Copper is now commonly used for interconnects in integrated circuits. However, because of problems wire bonding to copper, a wire bond pad for copper interconnect technologies often utilizes an aluminum layer to cap the exposed copper wire bond pad. This aluminum cap is added to allow use of the same wire bonding tools and processes used in aluminum interconnect technologies.
FIG. 1 illustrates a cross-sectional view of a semiconductor device 10 having a wire bond pad 13 in accordance with the prior art.
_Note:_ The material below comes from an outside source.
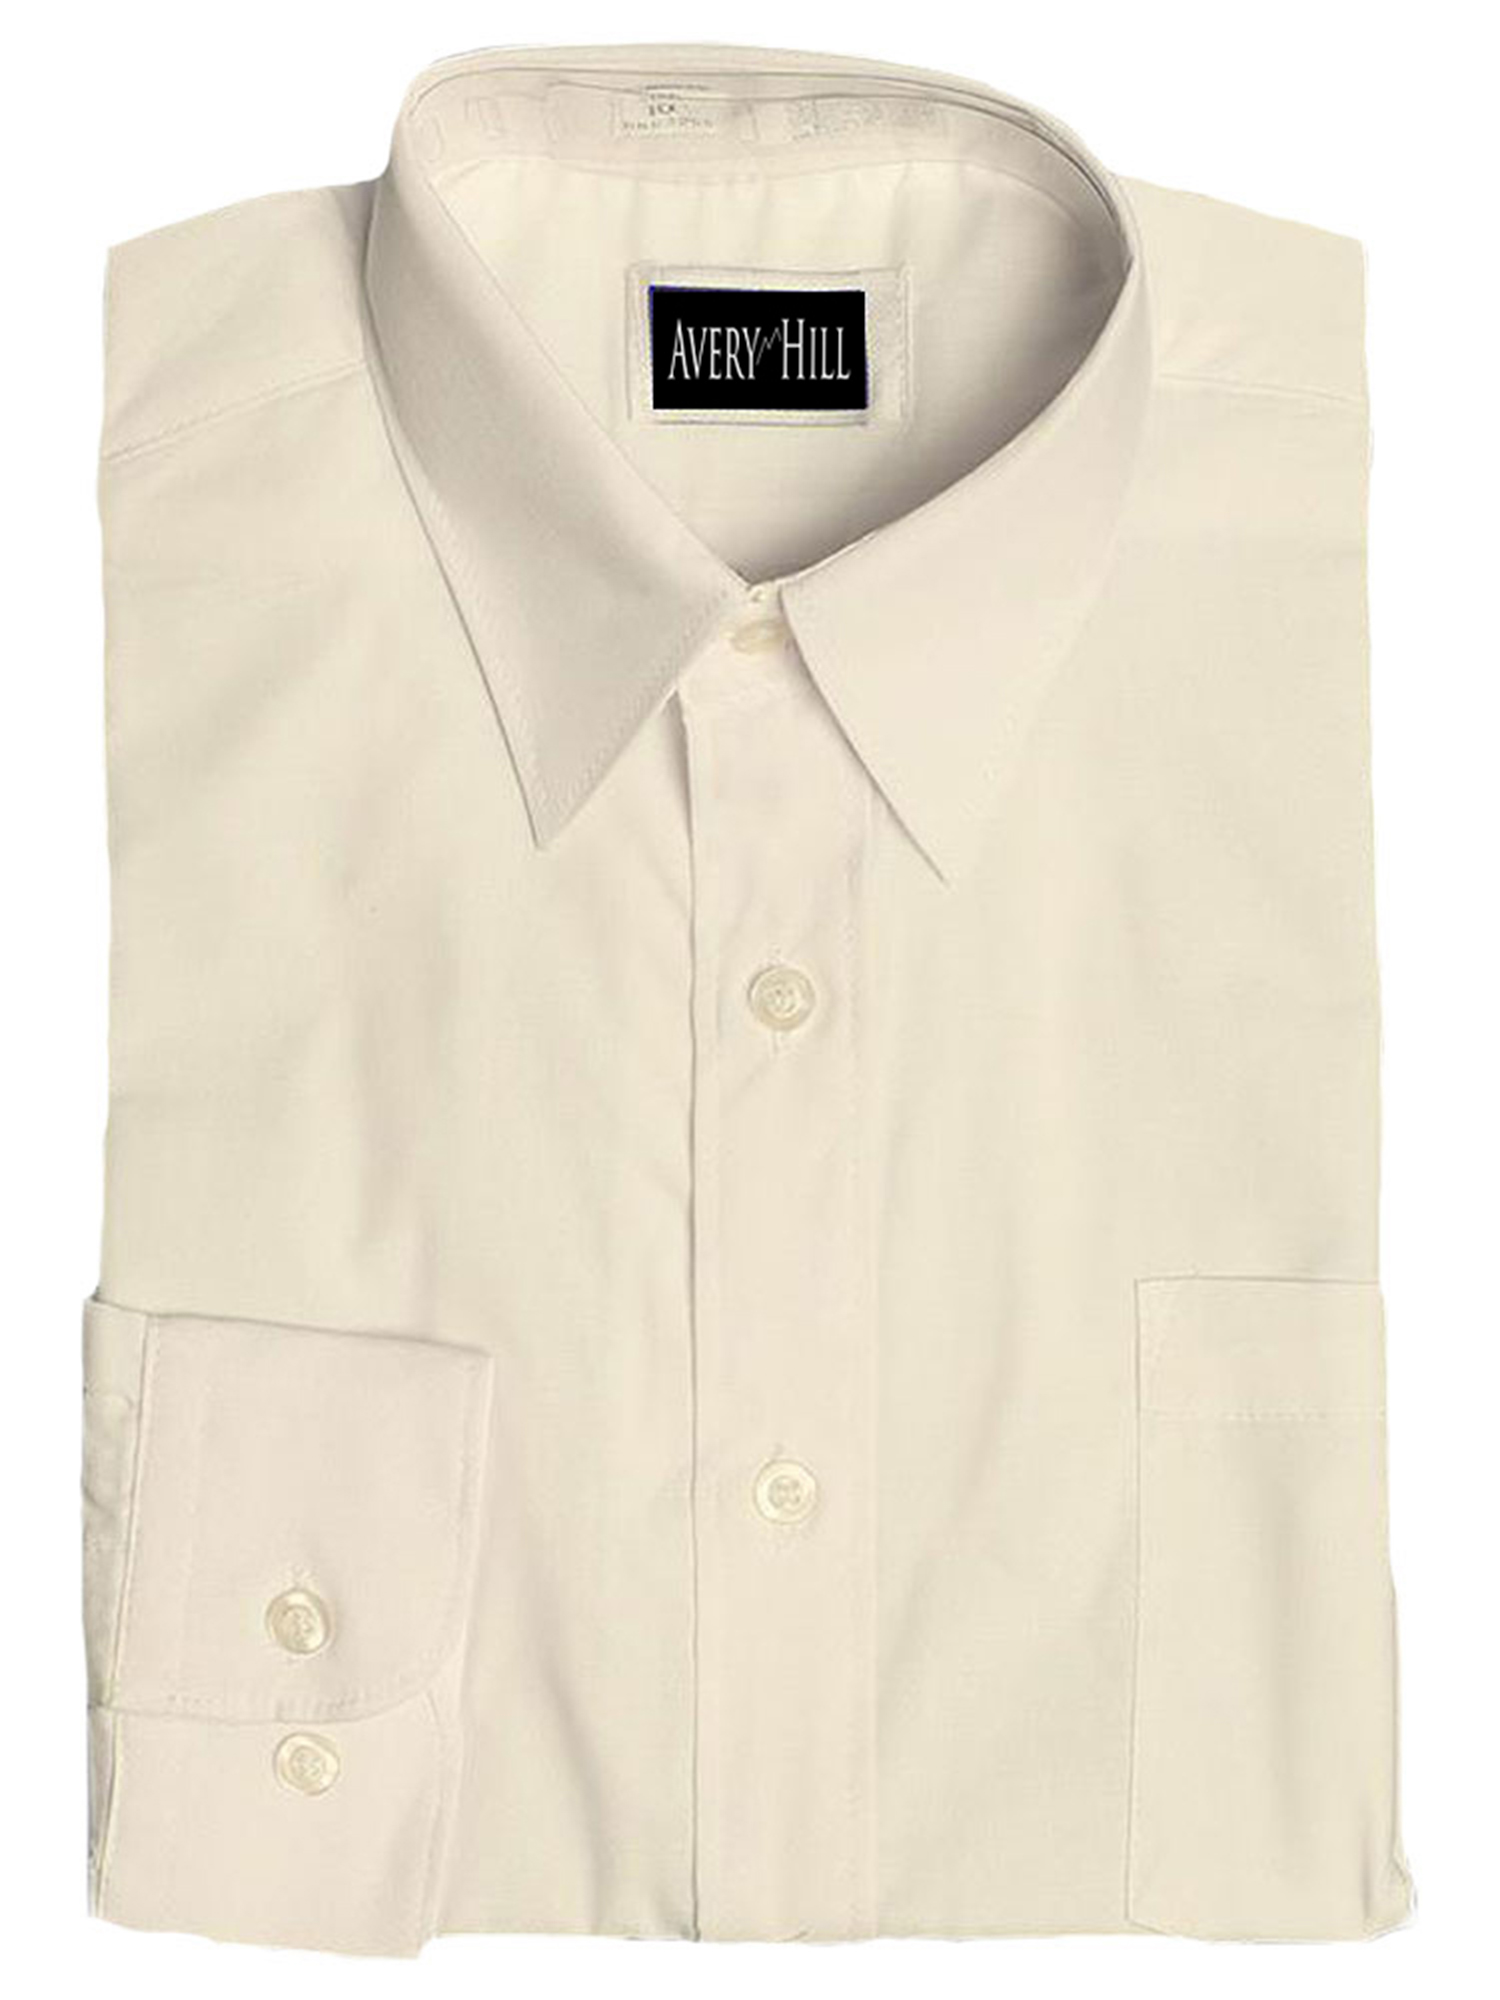 Boys White or Ivory Long Sleeve Wrinkle Resistant Dress Shirt IV 7

Semiconductor device 10 includes a silicon substrate 19, interconnect region 20, passivation layer 15 and wire bond pad stack 13. Active circuitry is formed in silicon substrate 19. Interconnect region 20 includes copper layers 21, 22, and 23, and interlevel via layers provide electrical connections between the copper layers 21, 22, and 23 and the active circuitry of substrate 19. In multi-layer metal copper technology the copper portion 12 of the wire bond pad stack 13 is formed from the final, last or top layer 21 of the copper interconnect region 20. A relatively large opening, 50-100 microns (μm) in both width and height, is cut in the final IC passivation layer 15 to expose the copper pad 12. An aluminum cap 14 is then deposited on the copper pad 12, stepping up onto passivation layer 15 around the perimeter of the wire bond region.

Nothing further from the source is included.